I think Halls was referring to the property of being dense(http://en.wikipedia.org/wiki/Dense_set).disregardthat said:Sure they do. Every set can be well-ordered.
Give the complex numbers a well-ordering. For each complex number z, consider the minimal element of the set of complex numbers larger than z. This will be the least number larger than z, in other words, a consecutive element.
Now this of course applies to R and Q as well, but note that this cannot correspond to their usual order. The complex numbers however don't have any natural ordering (which satisfies e.g. a < b --> a+c < b+c), so I don't see how the order properties of the real numbers extends to the complex numbers.
achyut joshi said:does complex number have anything like consicutive numbers? . Like 2,3,4 are consicutive integers...
robert2734 said:suppose for numbers with the same norm, we arbitrarily list numbers counter clockwise from zero degrees. Then we can definitively say that one complex number comes before or after another in our catalog.
robert2734 said:suppose for numbers with the same norm, we arbitrarily list numbers counter clockwise from zero degrees. Then we can definitively say that one complex number comes before or after another in our catalog.
achyut joshi said:does complex number have anything like consicutive numbers? . Like 2,3,4 are consecutive integers...
robert2734 said:Consider the integers. We have -1< 0, -2< 0 and (-1)*(-2)>0. So the integers aren't an "orderred field" either but they do have an order to them. So back to OP's question: Can we order the complex numbers? yes. Does that order mean anything? I don't know.
Yes, complex numbers have a concept of consecutive numbers, but it is different from the concept of consecutive numbers in real numbers. In complex numbers, consecutive numbers are defined as numbers that are separated by a distance of 1 on the complex plane. This means that the real and imaginary parts of the numbers differ by 1.

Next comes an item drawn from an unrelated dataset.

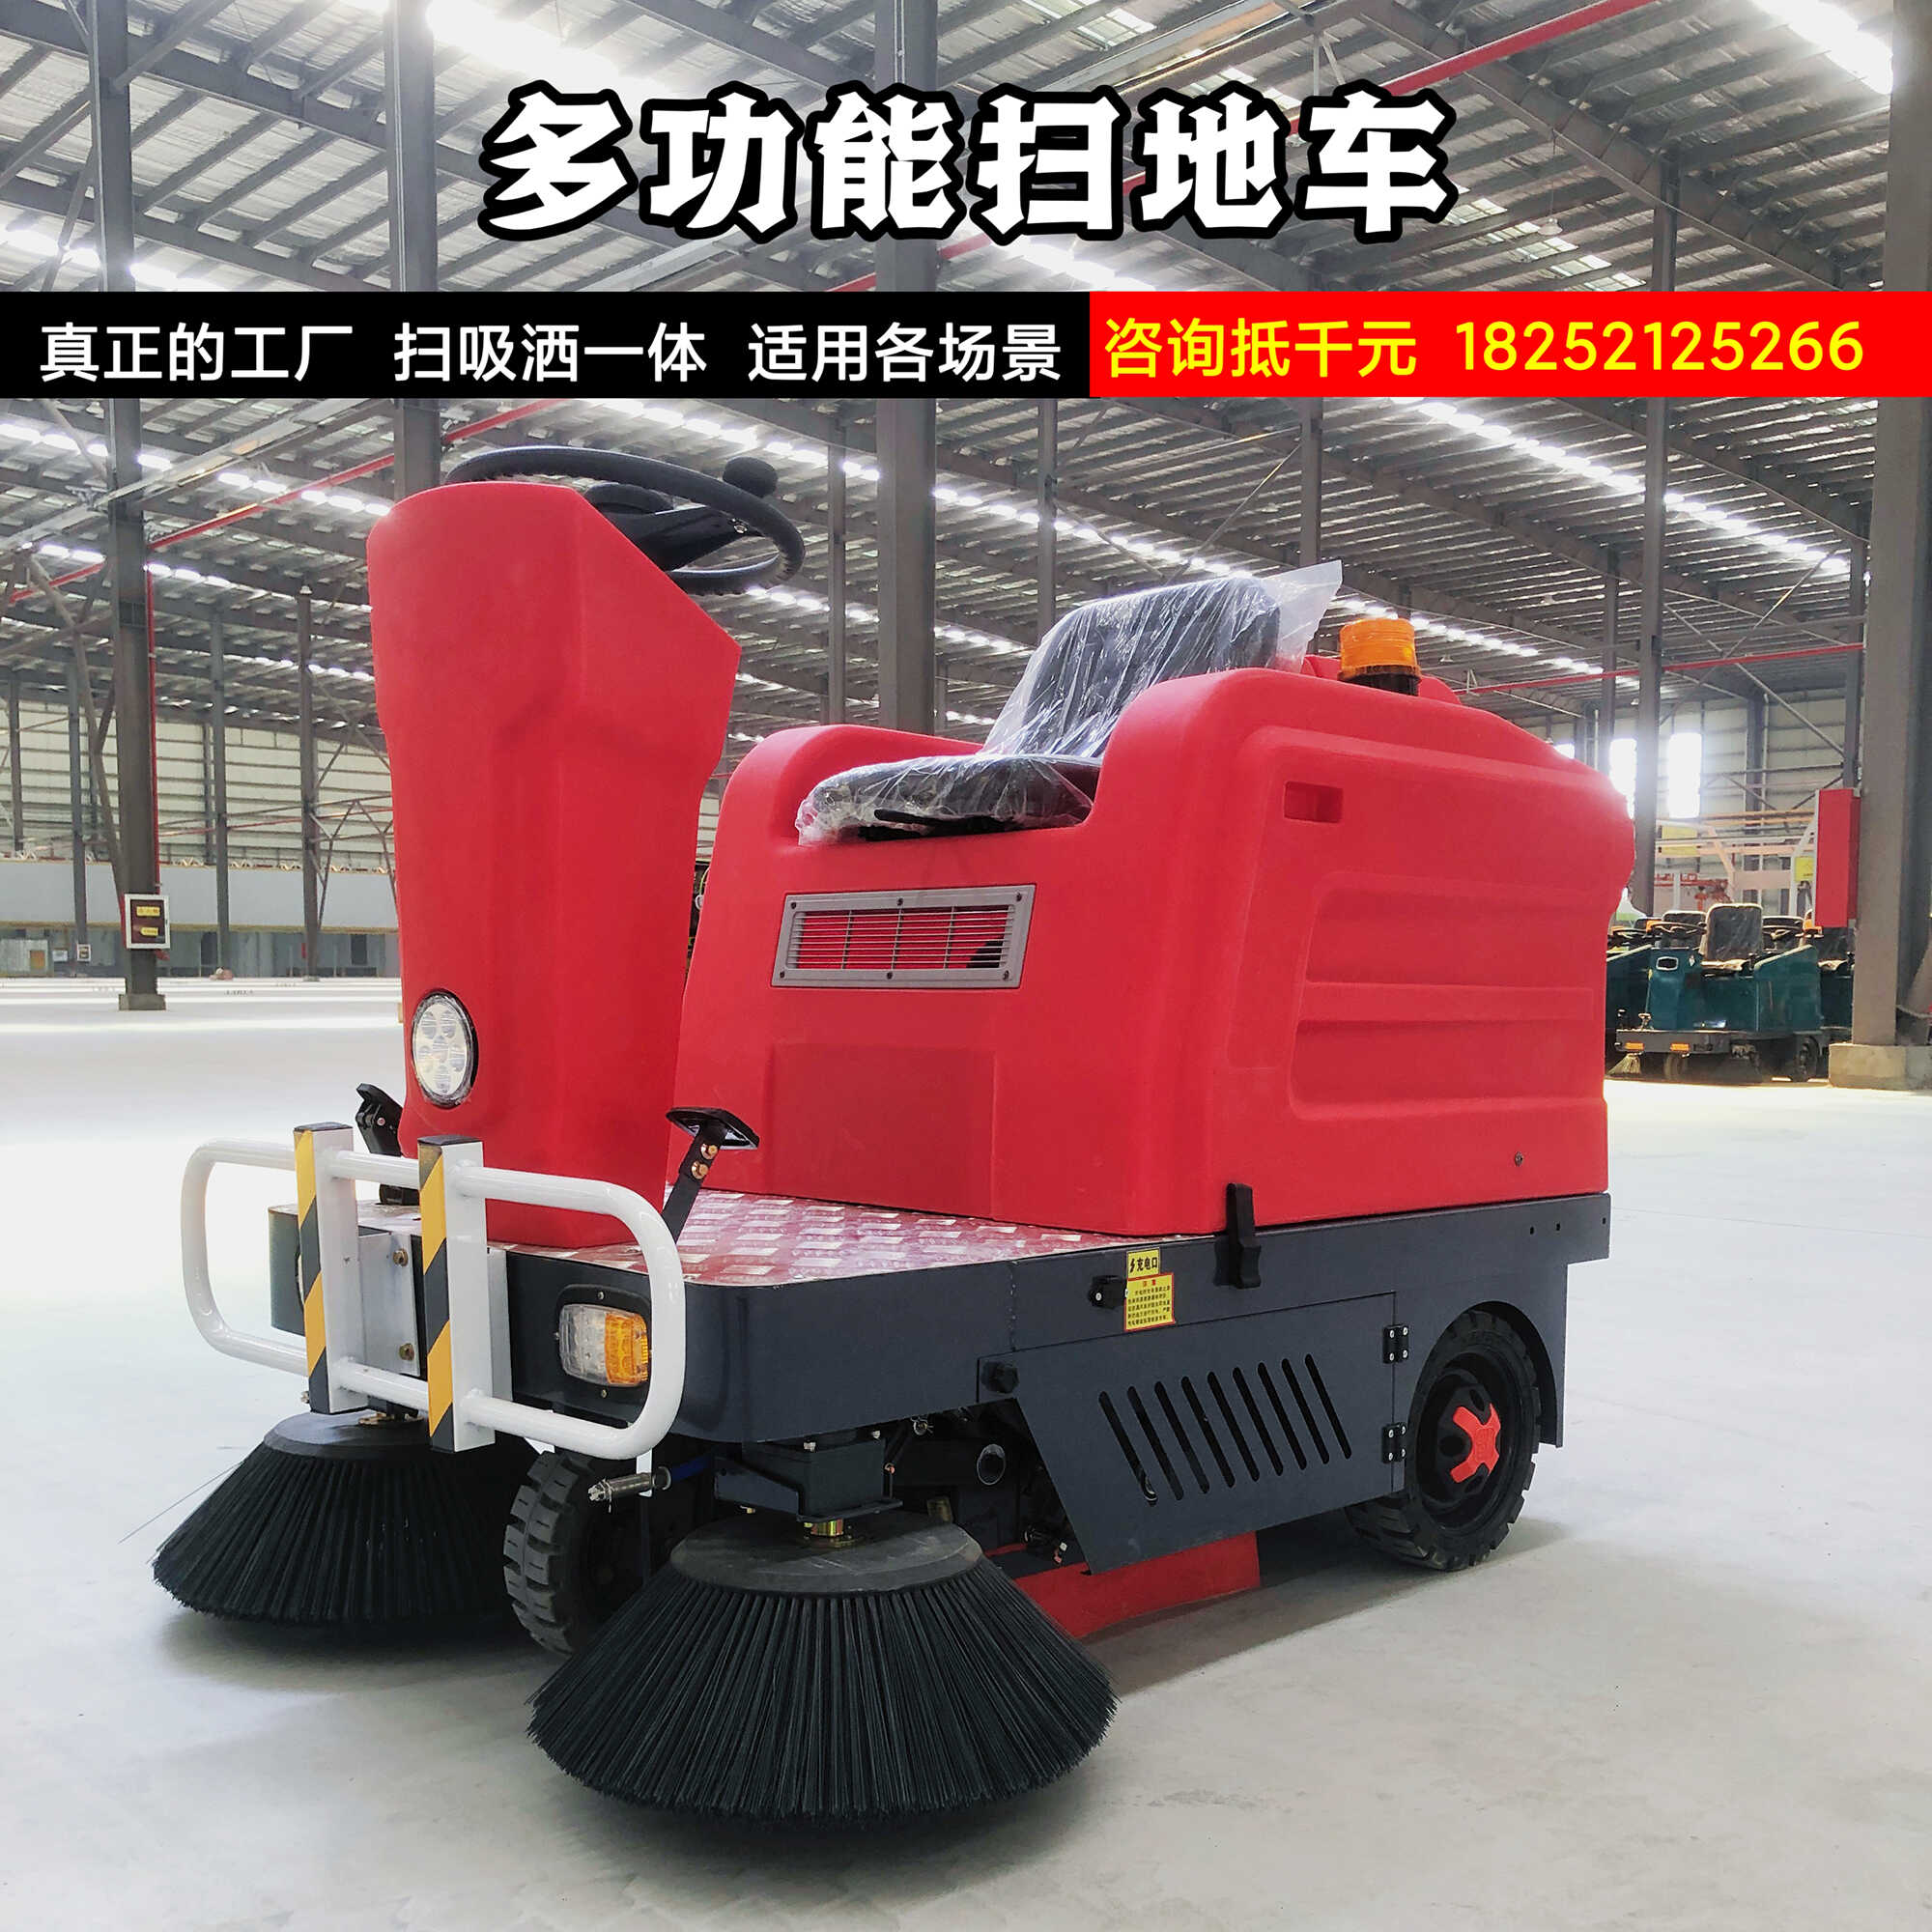 驾驶式小型多功能电动扫地车清扫车工厂车间路面吸尘用工业扫地机

Consecutive complex numbers are represented on the complex plane as points that are one unit apart on the x-axis. This means that the real parts of the numbers are consecutive, while the imaginary parts remain the same.
Yes, a complex number can have more than one consecutive number. In fact, every complex number has an infinite number of consecutive numbers, as there is an infinite number of points that are one unit apart on the complex plane.
Yes, there are patterns in the consecutive complex numbers. For example, the consecutive numbers of 3+4i are 4+4i, 5+4i, 6+4i, etc. This pattern can be seen on the complex plane as points forming a straight line parallel to the real axis.
Consecutive complex numbers are used in various areas of mathematics, including complex analysis, number theory, and algebra. They can be used to solve equations and problems involving complex numbers, and also play a role in the study of complex functions and polynomials.